Maggie had the same plans for Sofia Rizzo, but because the young woman had been in Europe on business, she had to wait longer than she’d wanted to. When Sofia arrived on Nantucket to speak with the police, it was a pleasant turn of events for Maggie. She wouldn’t need to travel to Boston to carry out her plan and, in fact, had prepared the poison for Sofia on the day Lin noticed Maggie was wearing Elise’s necklace and was on her way into town to murder Sofia.
Instead, the poison ended up in Lin’s water bottle after Lin asked Maggie about the necklace she was wearing and inquired if she knew Maura Wells and Sofia Rizzo.
The necklace that was stolen from Elise’s body would eventually be given to Maura’s sister, Bridget, and later, passed to Bridget’s daughter since they were the only living relatives of Elise Porter.
Elise’s bones were uncovered by investigators who dug next to the boulder in the woods behind the Toppers’ house. Elise would find a proper resting place in a cemetery plot right next to that of her descendant, Maura Wells, and both women would be accompanied to Chicago by Maura’s loving sister.
The strangeness of Vernon Willard murdering Elise and then two hundred years later, a descendant of Willard murdering Elise’s descendant was not lost on Lin and Viv and they had several discussions about the poetic justice of Willard’s last descendant spending the rest of her life in prison while Elise’s relatives, Bridget and her daughter, would carry on their family genes.
“We’ll never really know why Vernon Willard killed Elise,” Viv said. “That secret is buried in the long-ago years of history. But at least you found her bones.”
“And the murders of Maura and Warren have been solved,” Lin said.
“Yesterday, when I was dropping the baked goods off at the inn, Patricia told me that her ghost hasn’t been seen in the inn for weeks,” Viv told her cousin with a smile. “I bet Elise has crossed over.”
“I hope she did,” Lin said despite the twinge of sorrow she felt knowing she would never see the ghost again. “I hope she’s at peace now.”
On a cooler day at the end of September, Lin and Jeff and Viv and John went on a hike in the Middle Moors along the sandy paths and trails.

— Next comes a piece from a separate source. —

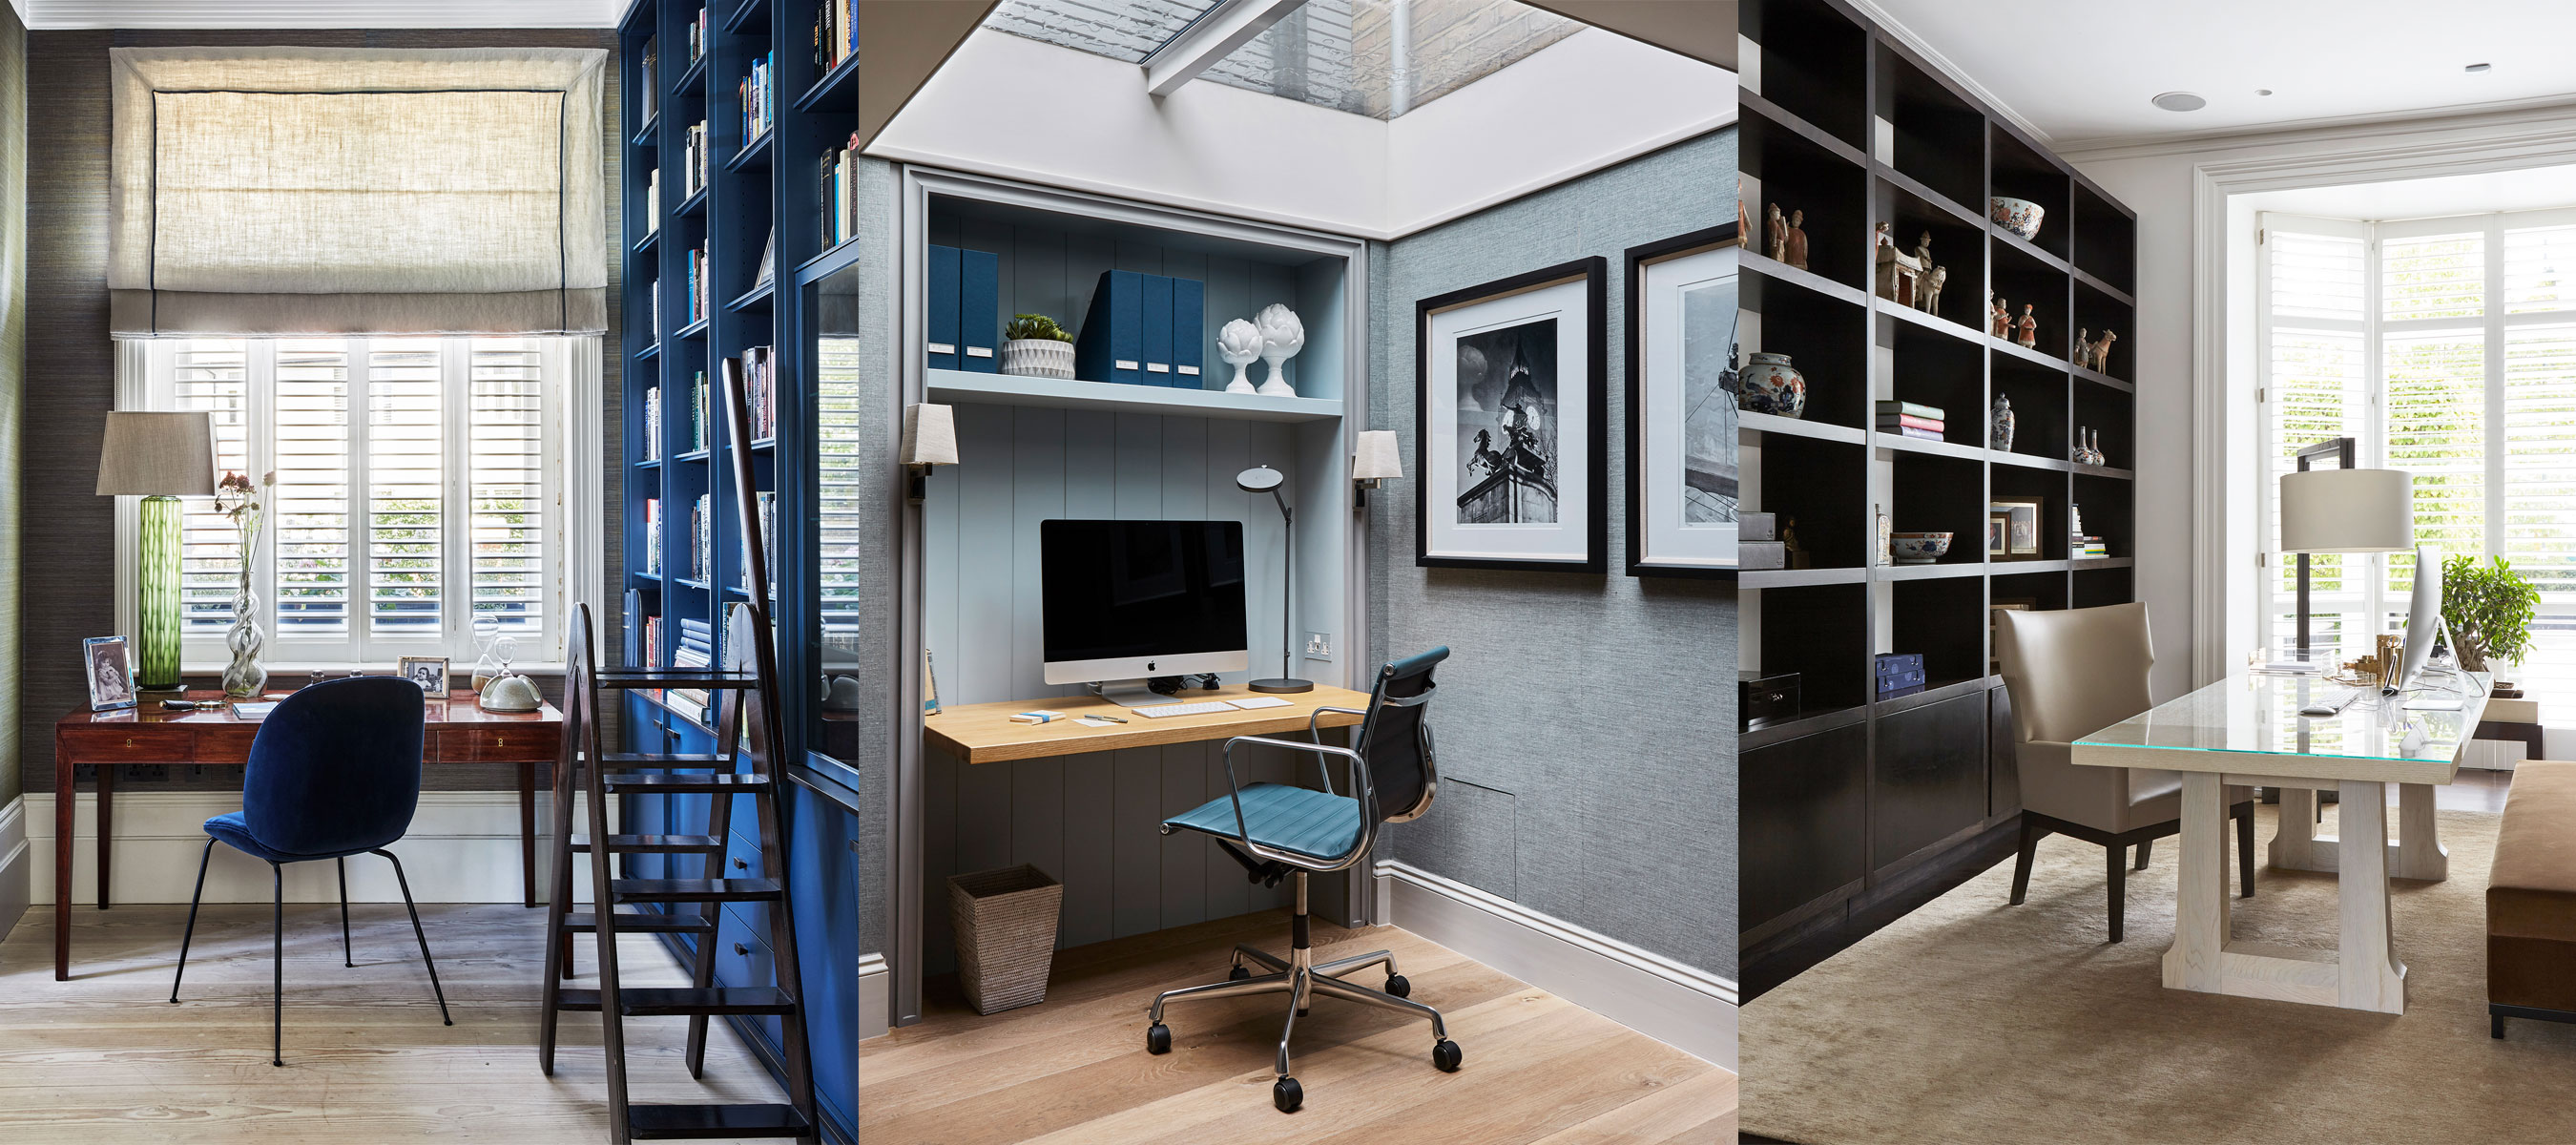 Tips for setting up a home office from a professional organizer

After being immersed in the sadness of the case, Lin felt the need to spend some time outdoors in the beauty and peacefulness of nature.
The couples brought sandwiches and drinks and, under the brilliant blue sky, they ate their lunches sitting on the ground near a lake surrounded by green and gold vegetation.
“You have a new water bottle,” Viv said when she saw her cousin remove the blue and white water container from her backpack.
“Yeah,” Lin said with a half-smile. “My old one had some awful kind of residue in it.”
“You mean poison?” John asked as he munched on his sandwich. “Probably a good idea that you tossed it.”
“Actually, the police took it, but I didn’t ask to have it back,” Lin kidded.
“I don’t know how selling the Topper place is going to go,” John said. “A murderer owns the place and her ancestor murdered someone and buried the body on the property. Not exactly positive advertising.”
“It might take a special buyer to overlook all that,” Jeff guessed.
“The person who will overlook those characteristics of the place will also have to be a very wealthy buyer,” John shrugged. “It might be hard to find such a person.”
“You’ll sell it,” Viv encouraged. “Someone will come along who will fall in love with it.”
“Or maybe it should be knocked down,” Lin frowned. “Nothing good has come out of that place.”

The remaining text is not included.